Reuters21578 Text Preprocessor with NLTK

Installation

Download the Reuters 21578 corpus from http://www.daviddlewis.com/resources/testcollections/reuters21578/. Extract it to the same level as the project into a folder called reuters21578.

Install all dependencies in requirements.txt.

This is implemented as a Typer CLI app.

The commands available are:

$ python Pipeline.py: Run the whole pipeline.
$ python tokenization.py: Run only the tokenization step of the pipeline.
$ python lowercase.py: Run only the lower-caser step of the pipeline.
$ python stem.py: Run only the stemming step of the pipeline.
$ python handle_stopwords.py: Run only the stopword-removal step of the pipeline.

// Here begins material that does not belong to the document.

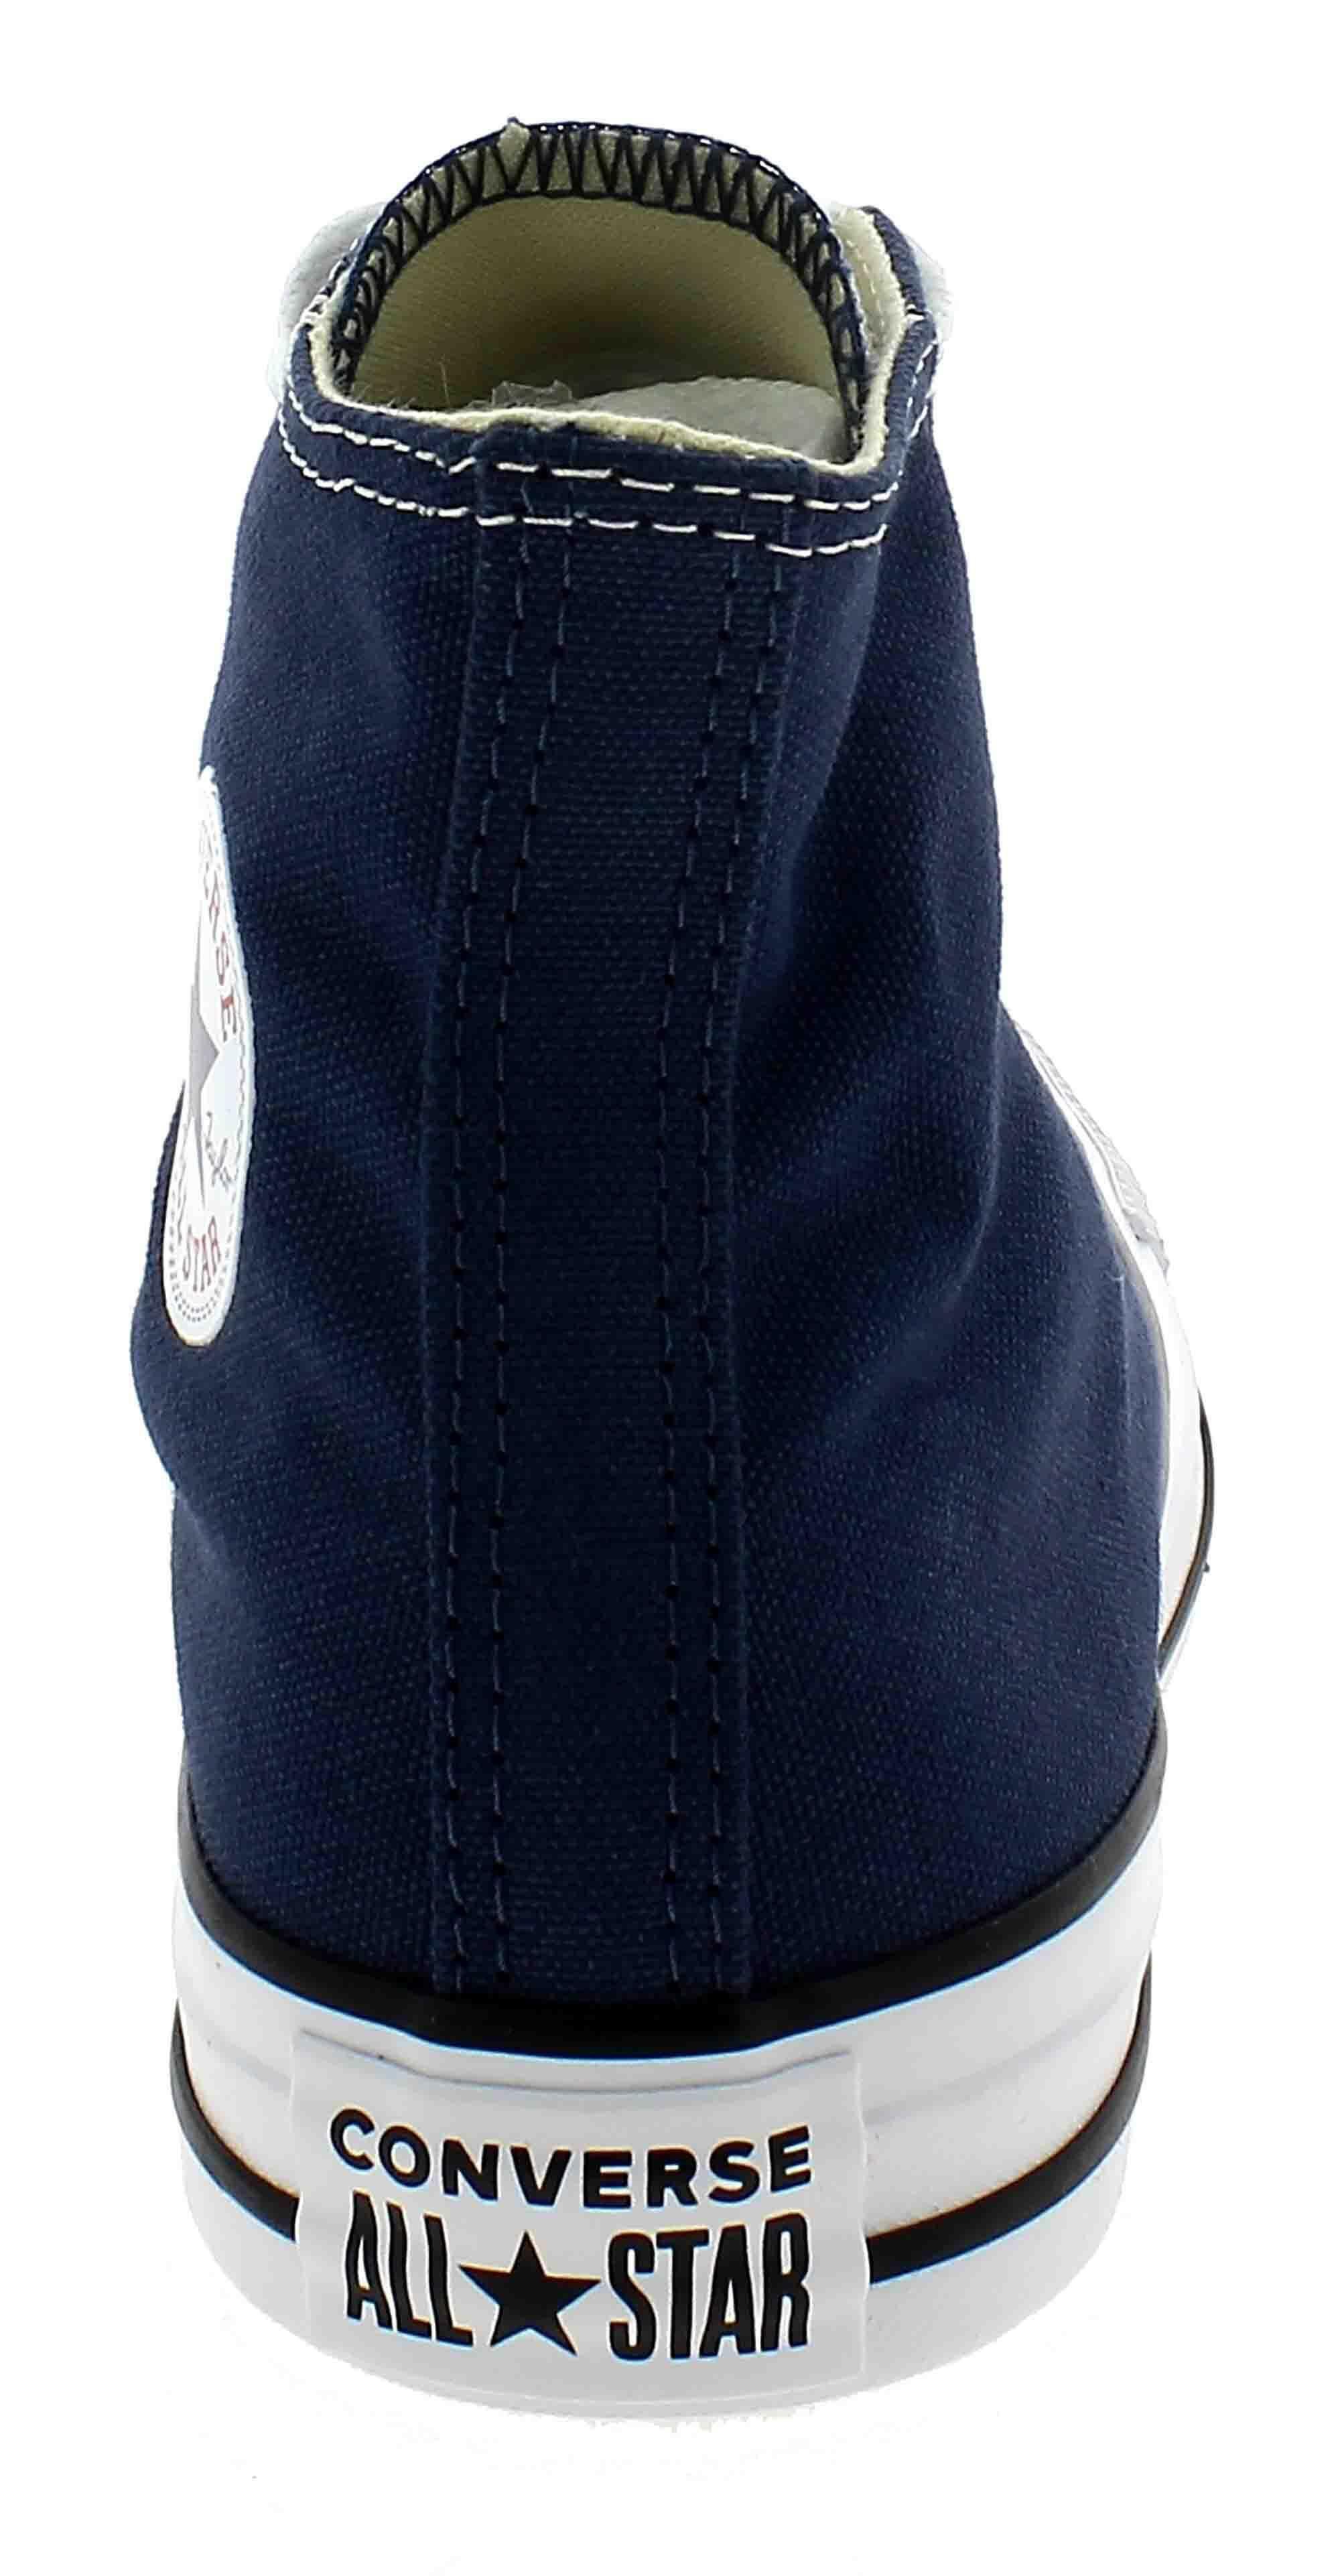 converse converse all star hi scarpe sportive alte blu navy m9622c

For any of these commands, use the --help flag to see a full in-app documentation screen with code examples and full descriptions.

Although the pipeline scripts, when run standalone, work in a similar way to when they’re run in the pipeline, the experience is not exactly the same. For instance, the textualize() function is only run from within the pipeline. So having clean input text is your responsibility when using the tokenizer independently.
When running the tokenizer independently, note that it takes as a mandatory argument, the article text to tokenize. Since this is inputted via the command line, it may misbehave if you supply text that has line breaks in it. It is best to supply very small “articles” when running the pipeline steps via the command line. Inputting large text for the tokenizer may be quite tedious to do properly.